Les toiles se font sur un métier à deux marches par le moyen de la navette, de même que les draps, les étamines, & autres semblables étoffes non croisées. Il n'y a guère de marchandises dont le commerce soit plus étendu que celui des toiles, particulièrement de celles du lin, de chanvre & de coton.
L'on appelle toile écrue, celle dont le fil n'a pas blanchi. Les toiles blanches sont celle qu'on a fait blanchir, à force de les arroser sur le pré, & de les faire passer par diverses lessives. On nomme toiles ouvrées celles sur lesquelles il y a divers ouvrages, façons & figures.
On fait à Harlem un grand commerce de toiles, qu'on appelle ordinairement toiles de Hollande. On les envoie à Harlem en écru des endroits de leur fabrique, pour y recevoir dans le Printemps ce beau blanc que chacun admire. Ces toiles, dont la matière est le Lin, sont très serrées, très unies, & très fermes, quoique fort fines. Les plus estimées le sont dans la province de Frise.
Le Coton & ses différentes sortes.
Le coton est une sorte de laine blanche que produit un arbre auquel on donne le nom de cotonnier; Il y a autant de différentes sortes de coton qu'il y a d'espèces de cotonnier. On connaît dix ou douze espèces de cotonniers, qui diffèrent dans leur grandeur, & dans la figure de leurs feuilles.

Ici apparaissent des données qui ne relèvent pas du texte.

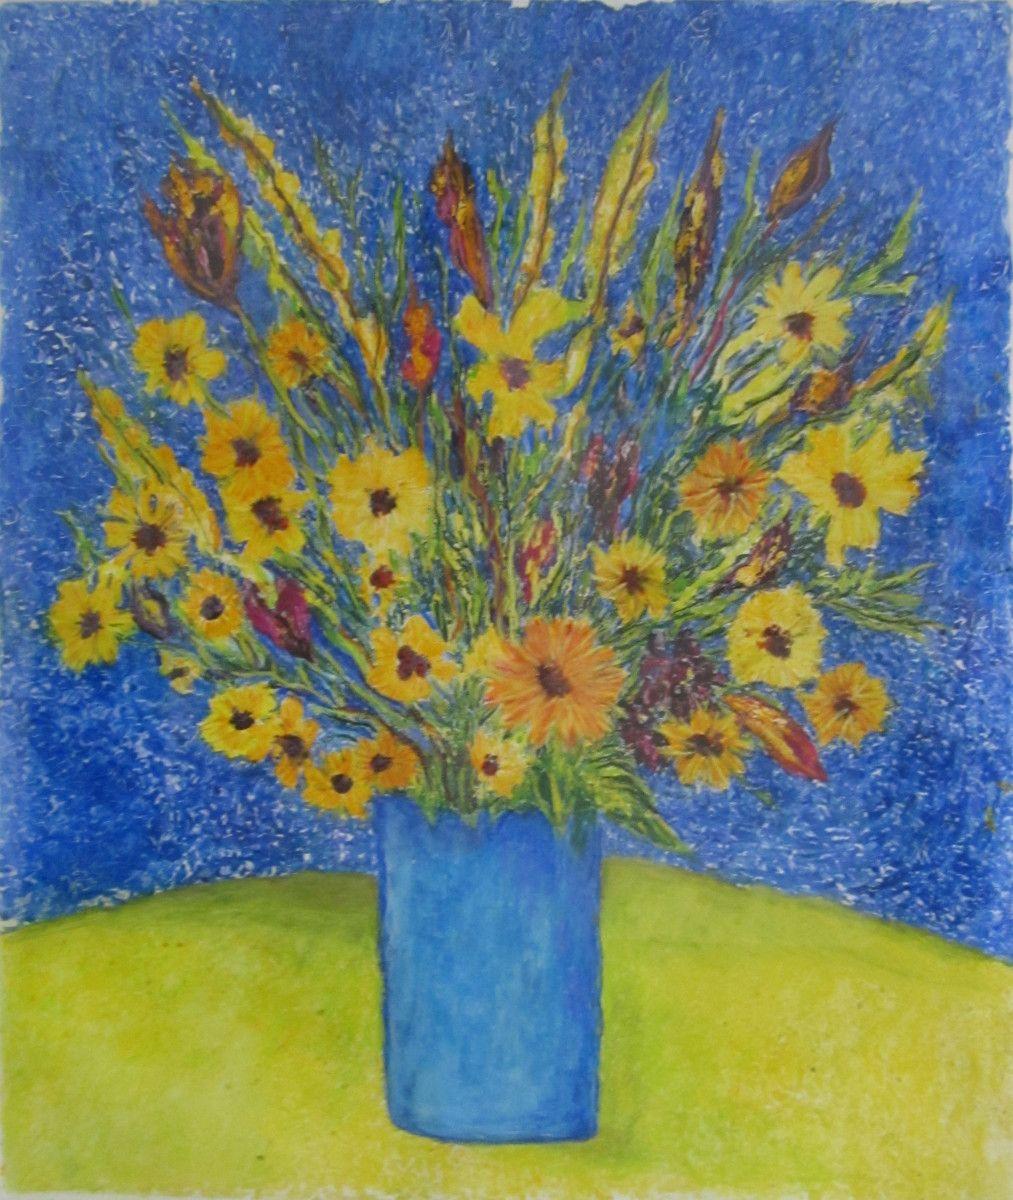 Maria Hughes, Still Life in Blue Vase, SOLD.

Les plus grands cotonniers sont des arbres aussi hauts & aussi gros que des sapins, dont le coton est très fin & surpasse la soie, mais il est si court qu'il n'est pas propre à filer. Les bons cotonniers sont des arbustes qui ne croissent qu'à la hauteur de deux ou trois pieds, ou quelquefois de quatre. La zone torride est le climat propre aux cotonniers; mais on cultive, en deçà du Tropique & dans le Levant, ceux qui donnent le meilleur Coton à filer. Il vient de Marseille de toutes les échelles du Levant jusqu'à 30 espèces de coton.
Toiles de Coton.
L'Europe tire des Indes Orientales quantité de toiles de coton, dont les qualités sont différentes, de même que leurs noms. Les mousselines sont aussi des espèces de toiles de coton, qui viennent par pareillement des Indes Orientales, & que l'on distingue particulièrement des autres toiles par le nom qu'on leur donne.